Maurice Costello


Maurice George Costello was a prominent American vaudeville actor of the late 1890s and early 1900s, who later played a principal role in early American films, as leading man, supporting player and director.

Life and career

Costello was born in Pittsburgh, Pennsylvania to Irish immigrants Ellen and Thomas Costello. He made his film debut in 1908, but was long believed to have debuted in Adventures of Sherlock Holmes; or, Held for Ransom, supposedly playing the lead in what is regarded as the first serious film to feature the character of Sherlock Holmes, since it was preceded only by the 30-second comedy film Sherlock Holmes Baffled. However, Holmesian scholar Leslie S. Klinger has written that the identification of Costello in the role is flawed. Klinger states that the first identification of Costello with the role was in Michael Pointer's Public Life of Sherlock Holmes published in 1975 but Pointer later realized his error and wrote to Klinger stating
Costello joined Vitagraph, being a member of the first motion picture stock company ever formed, playing opposite Florence Turner. Among some of his best known pictures are A Tale of Two Cities, The Man Who Couldn't Beat God and For the Honor of the Family.

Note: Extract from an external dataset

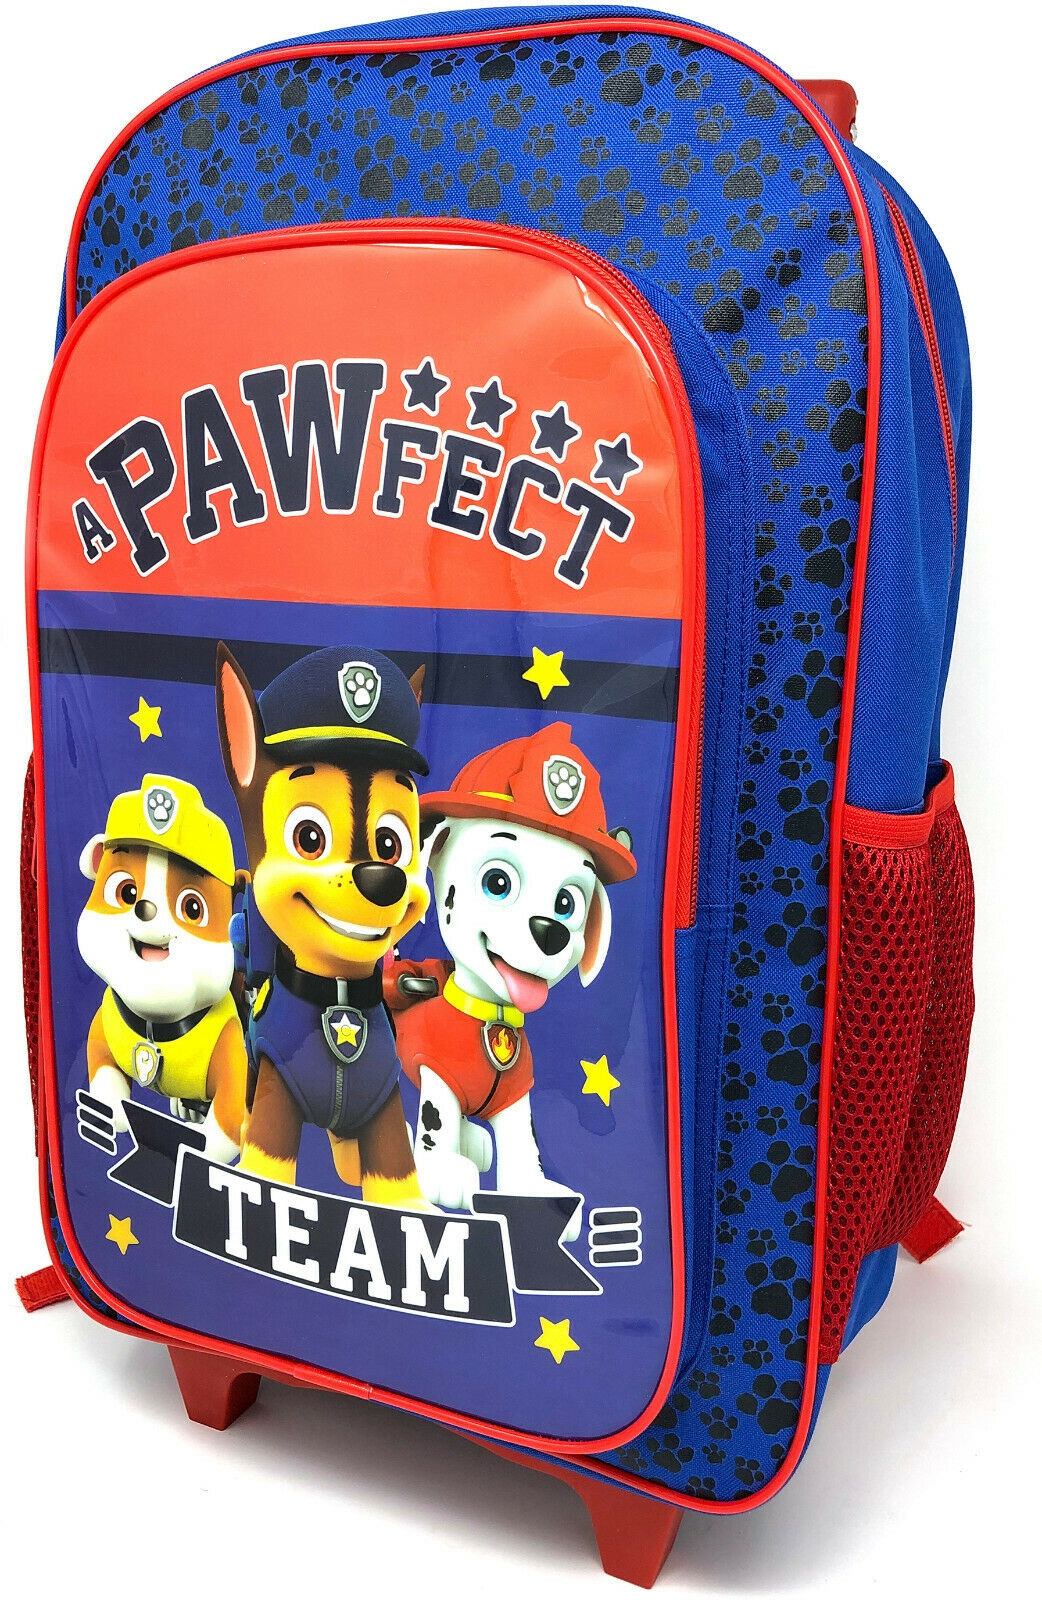 Paw Patrol Blue Luggage Deluxe School Travel Trolley Roller Wheeled Bag
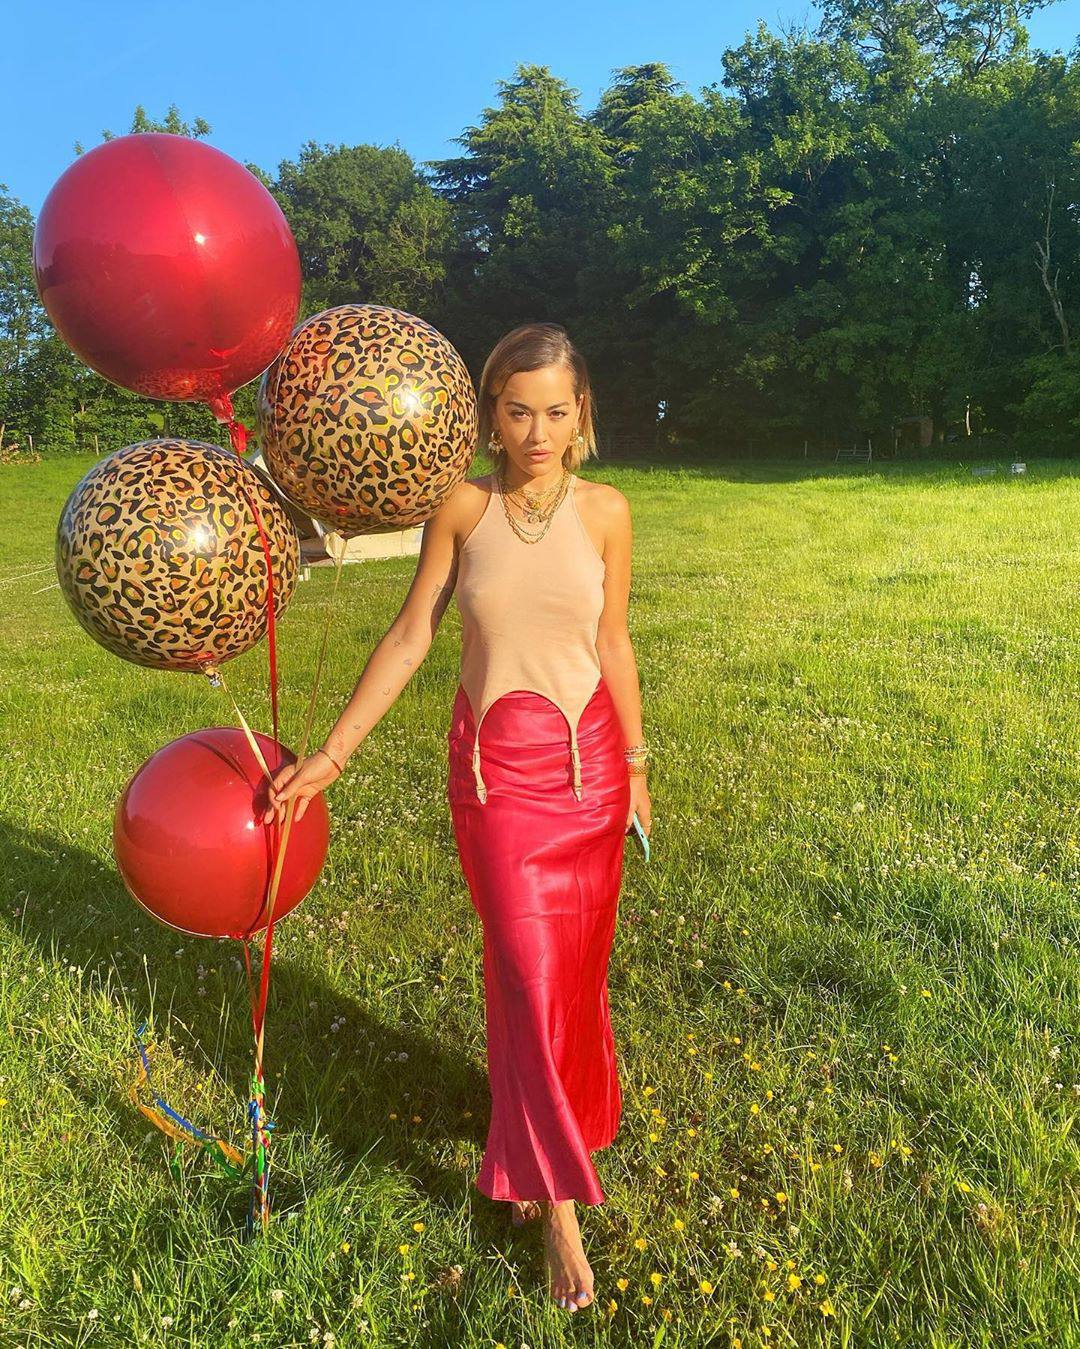 Rita Ora – Sexy Boobs In Braless Photoshoot At Balloon Party 0002

After an absence of some years he returned to the screen. He was married to actress Mae Costello. His descendants include two daughters, actresses Dolores Costello and Helene Costello, a grandson John Drew Barrymore, and a great granddaughter Drew Barrymore. He was one of the world's first leading men in early American cinema, but like a lot of other silent screen stars, he found the transition to "talkies" extremely difficult, and his leading man status was over. However, Costello was a trouper, and continued to appear in movies, often in small roles and bit parts, right up until his death in 1950.

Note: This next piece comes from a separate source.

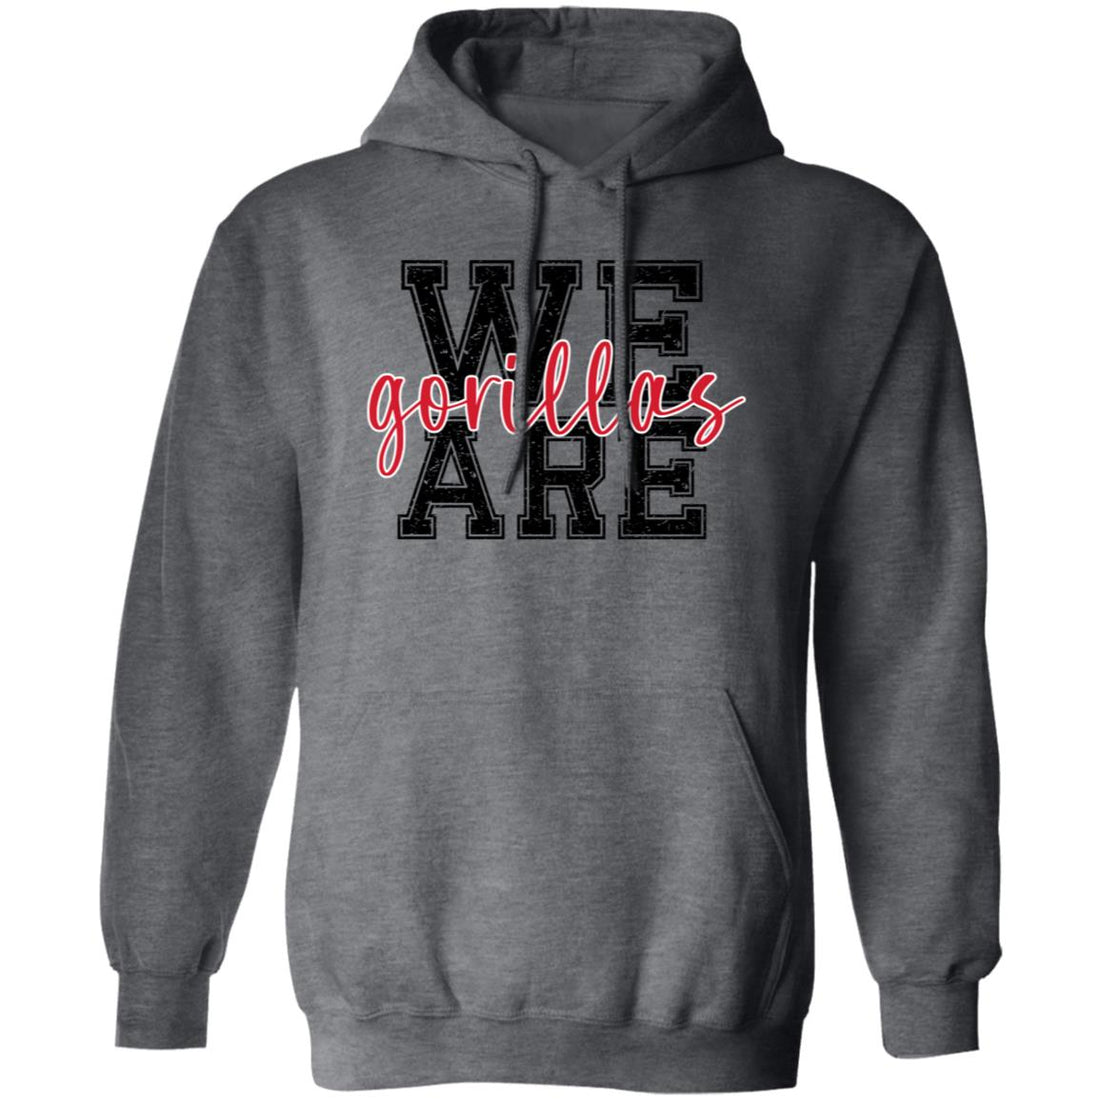 We Are Gorillas Pullover Hoodie - Sweatshirts - Positively Sassy - We Are Gorillas Pullover Hoodie

On November 23, 1913, Costello was arrested for beating his wife Mae. On November 25, 1913, Costello admitted that he had beaten his wife while intoxicated. Mae Costello requested that the charges be dropped to disorderly conduct, and Costello was given six months probation by Magistrate Geisner of the Coney Island Police Court.
Maurice Costello also discovered Moe Howard of the Three Stooges, who, as a teenager, ran errands and got lunches for the actors at the Vitagraph Studios at no charge. This impressed Costello who brought him in and introduced him to other leading actors of the day. Moe then gained small parts in many of the Vitagraph movies but most of these were destroyed by fire that swept the studios in 1910.
Costello died at the age of 73 in 1950 in Los Angeles, California of a heart problem and was interred at Calvary Cemetery, East Los Angeles, a Catholic cemetery.